### Exercise data
──────────────────────────────
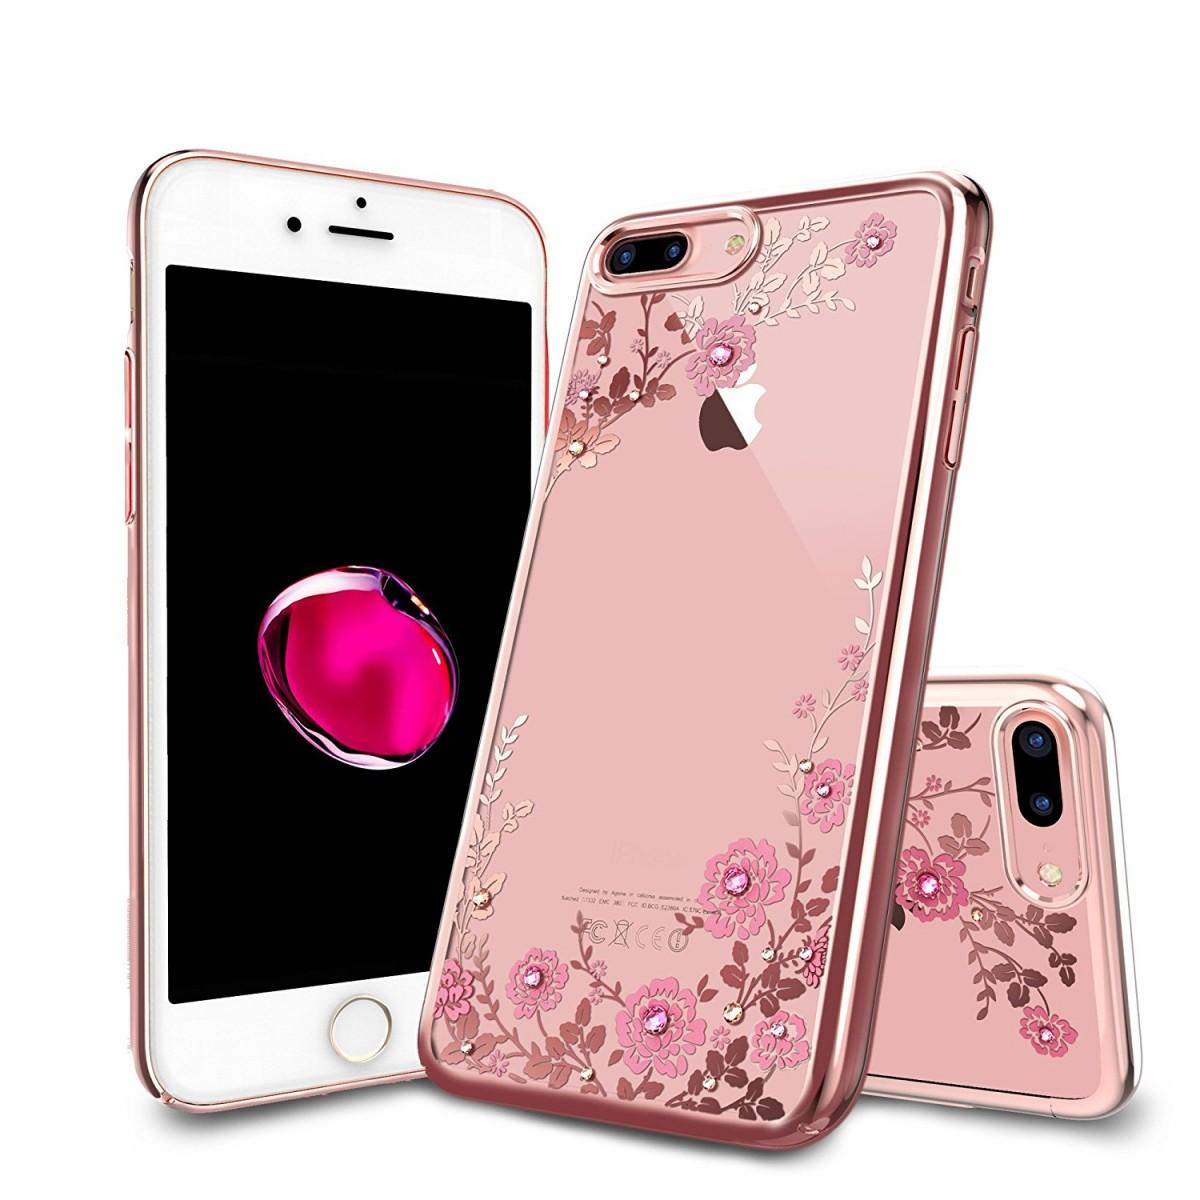 Obal / kryt Crystal Flowers pro iPhone 7 Plus - Růžově zlatý (rose gold)
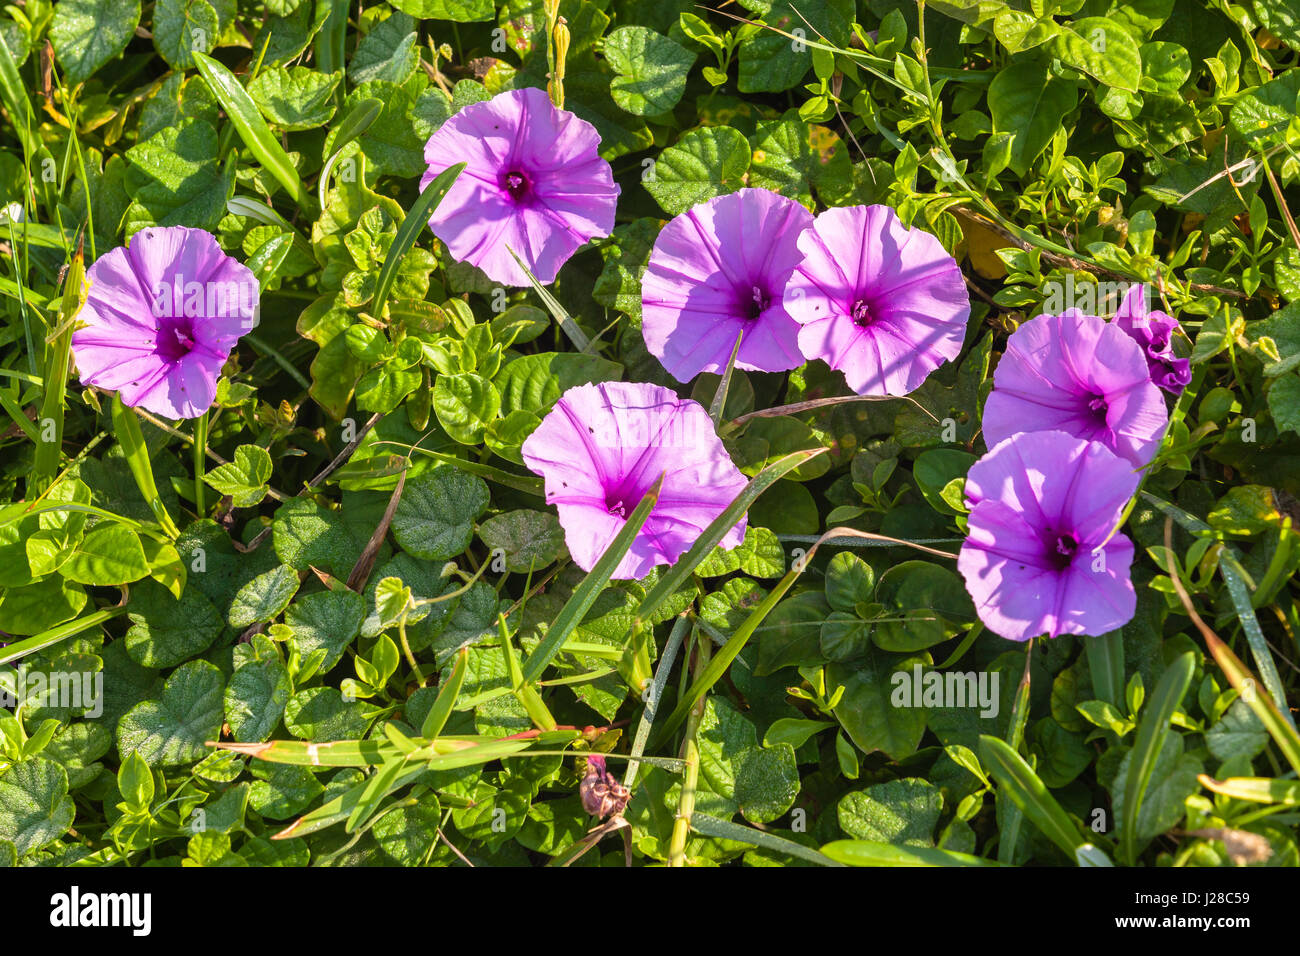 Shrubs with purple flowers pictures - Flora Purple Flowers And Shrubs Closeup Beach Coastline
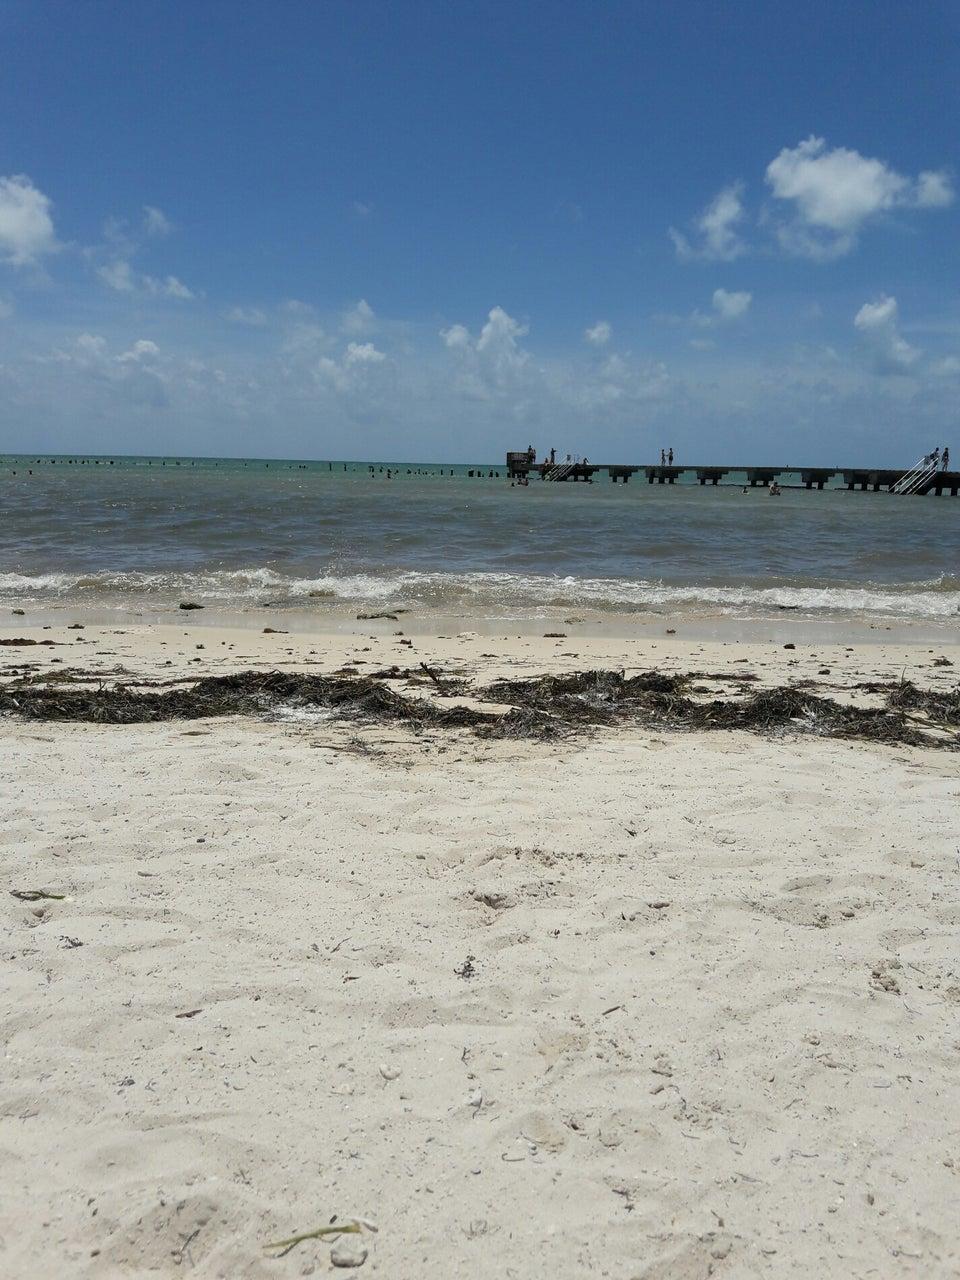 Higg's Beach
──────────────────────────────
### Exercise instructions
Would you set down each line of the listing above exactly, apart from the pictures?

### Expected answer
 Obal / kryt Crystal Flowers pro iPhone 7 Plus - Růžově zlatý (rose gold)
 Shrubs with purple flowers pictures - Flora Purple Flowers And Shrubs Closeup Beach Coastline
 Higg's Beach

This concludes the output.